А проснувшись, вижу солнце из-за шторы и напротив кроватку моей Аннушки: опа проснулась уже, увлеченно и деловито тормошит пеленку и прибулькивает от наслаждения. Почему-то она чувствует, что я смотрю на нее, отвлекается от пеленки и смотрит на меня, узнает — это видимым движением проходит по ее лицу, узнавание, — расплывается, обрадованная, и впервые говорит мне «па-па».
21 июня
Когда мы говорим: несправедливость, — всегда подразумеваем какой-либо общественный процесс. То ли тебя посадили, то ли тебя расстреляли, то ли лишили ожидаемых или заслуженных прав или благ, то ли делу твоему помешали — всегда подразумевается какая-то протяженность времени до этого плачевного результата, какое-то количество лиц участвующих, какие-то силы, посторонние, внешние, в это включившиеся. Все меняет свою окраску, если представить себе результат, нас- страшащий, пришедшим внезапно и. сразу, раздавившим в такую долю секунды, что ты ничего не успел, и почувствовать, лишенным предыдущих мытарств, лживой логики, не умещающейся в мозгу, общественного окружения, свирепых бумажек с подписями и про- тя-жен-но-сти. Тогда оказывается, что именно процесс, приводящий к результату, мы называем: не-справедливость, — а не сам результат, который скорее — рок, судьба, конец, и, не будь этого изматывающего вращения в неких общественных сферах, когда мы осознаем приближение страшного результата, когда познаем силы зла в этой, общественной же, сфере, их неумолимую логику, заключающуюся лишь в отсутствии логики, в бесповоротной силе утверждения предписан-ного (когда такое утверждение совпадает с нашими интересами, обычно не ведется речь о несправедливости, а ведь механизм тот же у этих сил: одинаково, что они совпадают, что не совпадают с нашими интересами), не будь этого осознанного лишь как внешняя механика не-умолимых сил, то есть не помещающегося в сознании, вращения, — все превратилось бы в случа й.
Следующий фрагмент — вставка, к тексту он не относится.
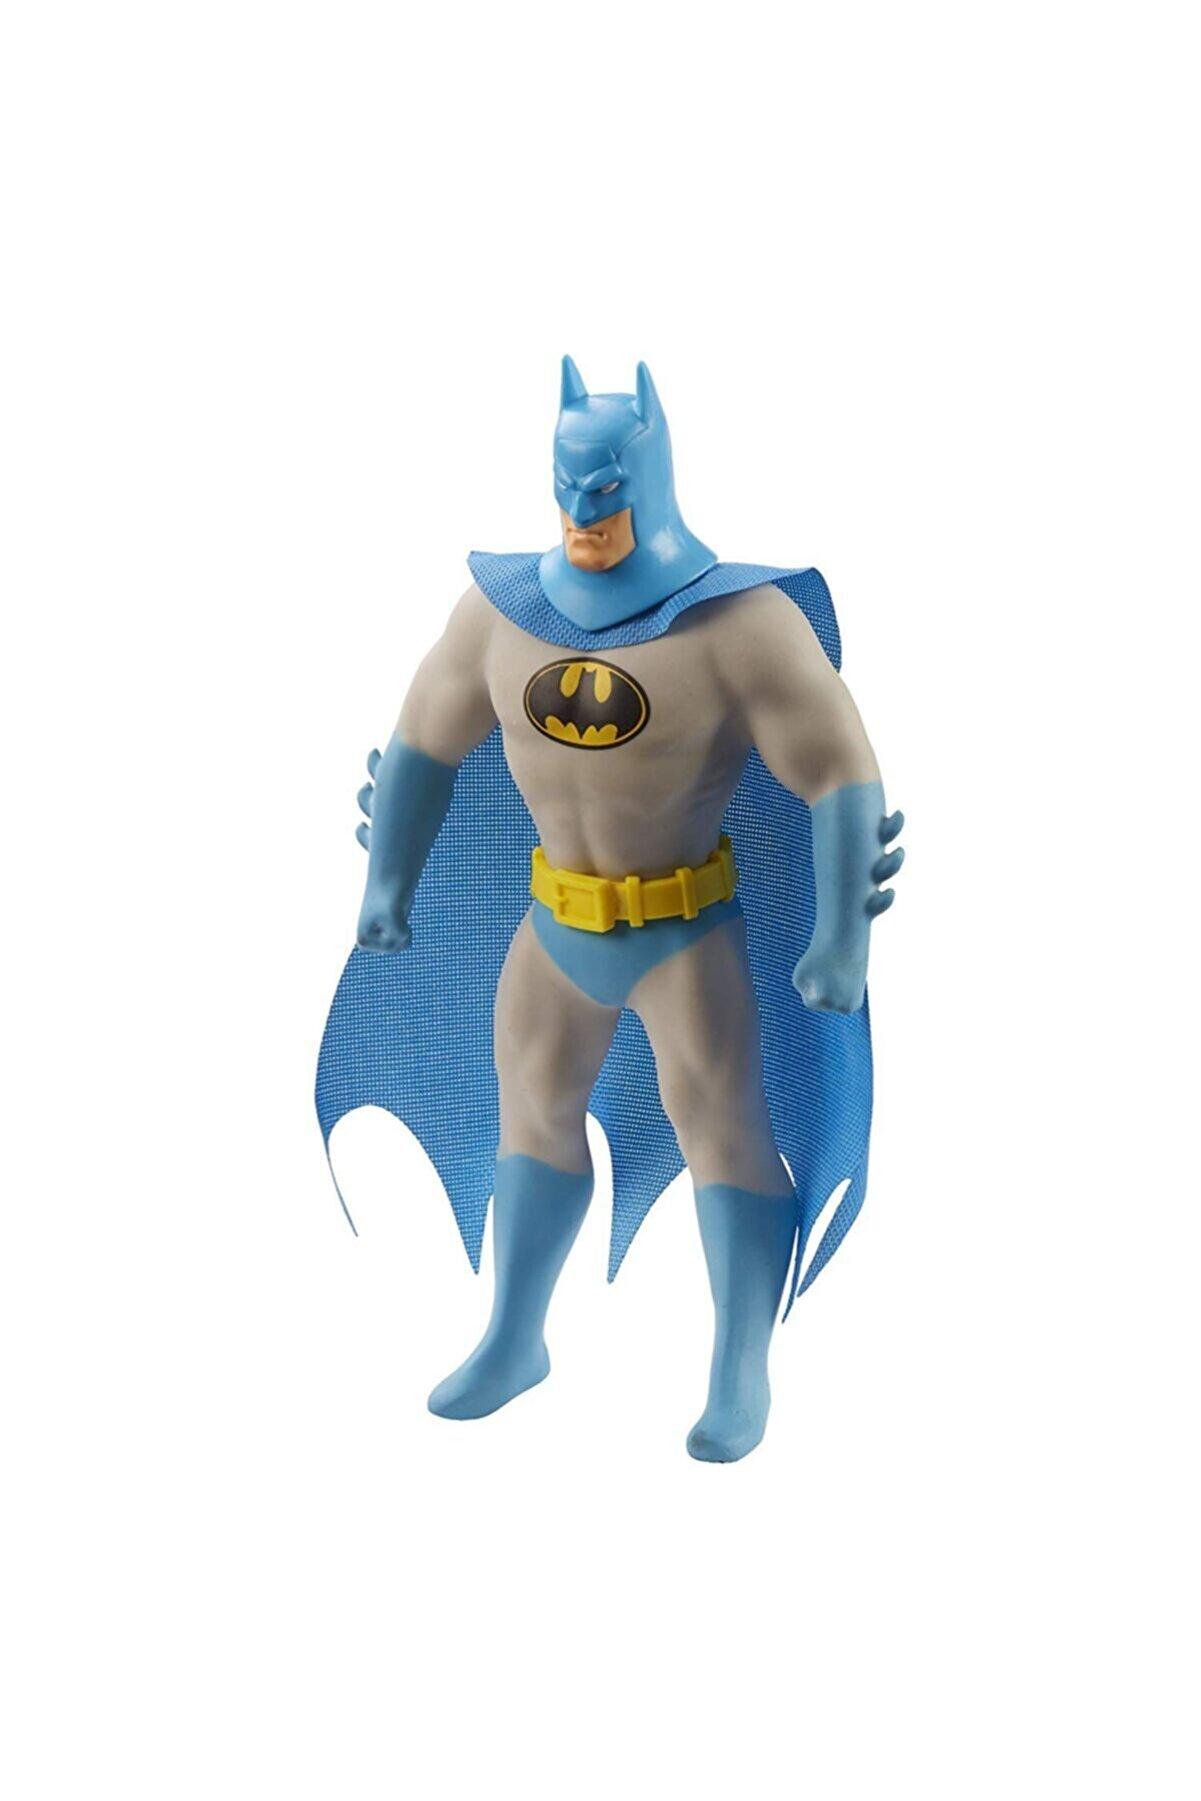 Batman Stretch Armstrong 15cm Kendinden Uzayan Esneyen Adam Justice League Figür
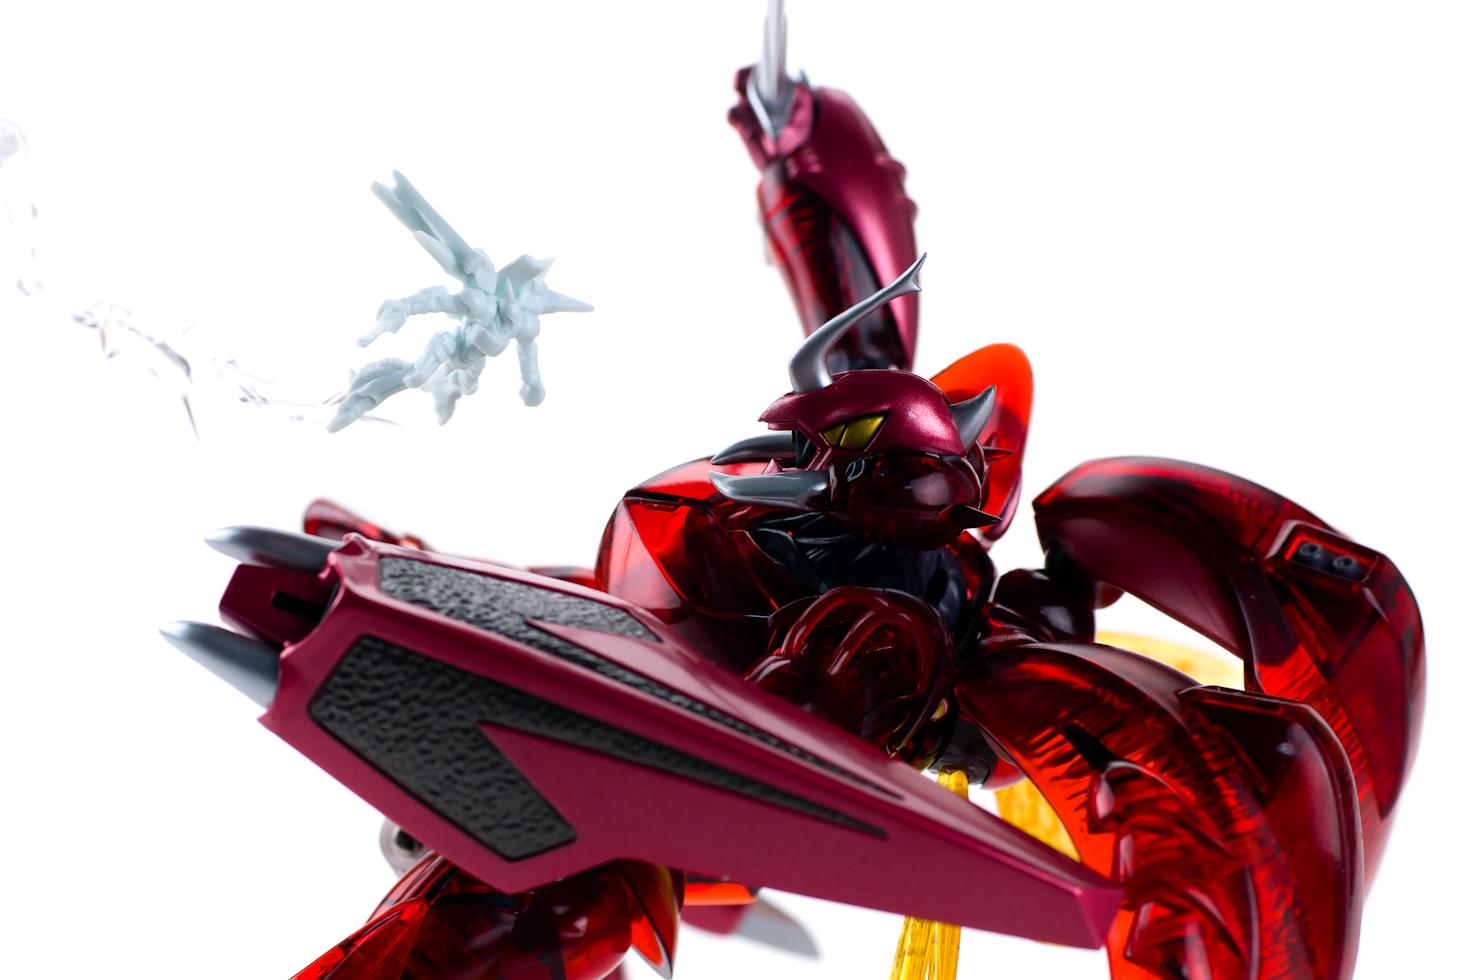 ROBOT魂〈SIDE AB〉レプラカーン (ハイパー化Ver.)

Представьте, к вам подходит человек, вы его никогда не видели, вы его не узнаете, с ним у вас ничего не связано (как, впрочем, и с любым исполнителем), — и, поравнявшись, пристреливает вас… Может, смерть наступит мгновенно — тогда ваши близкие будут говорить: какая нелепость, нелепая случайность, еще вчера шутил… если смерть придет не сразу, то и вы, страдая, будете говорить себе: как досадно умереть так вдруг, по какой-то глупой случайности, — и все равно покинете мир отлученным от причины задолго до смерти.
И вот теперь, в представлении, я часто опускаю процесс, который мы ощущаем как несправедливость, сокращаю его, как кратную дробь, и представляю себе непосредственно результат: нелепо, страшно, дико, глупо, случайно — ладно! — но при чем тут несправедливость?
В том ли, что не было приговора, или в том, что тебе его не зачитали? В том ли, что ты не согласен с ним, или в том, что ты не признаешь права именно этого суда выносить его тебе? В том ли, что ты боишься умереть, или в том, что ты не готов к этому? В том ли, что нет причины, или в том, что ты не понял ее?
Но даже если отказать себе в возможности постигать суть вещей, спуститься на порядок ниже и удовлетворяться лишь внешними и социальными категориями, то тем более несправедливость окажется понятием слишком тонким и разумным для мира, выстроенного и понятого на этом уровне (или, как мы в таком случае скажем, для современного мира), и суть вдруг окажется в том (если сократить все прочие вариации, на этом уровне качественно неразличимые), что может по-дойти незнакомый человек и пристрелить тебя в любое время дня и ночи, в любой точке пространства — и уничтожить твои параметры.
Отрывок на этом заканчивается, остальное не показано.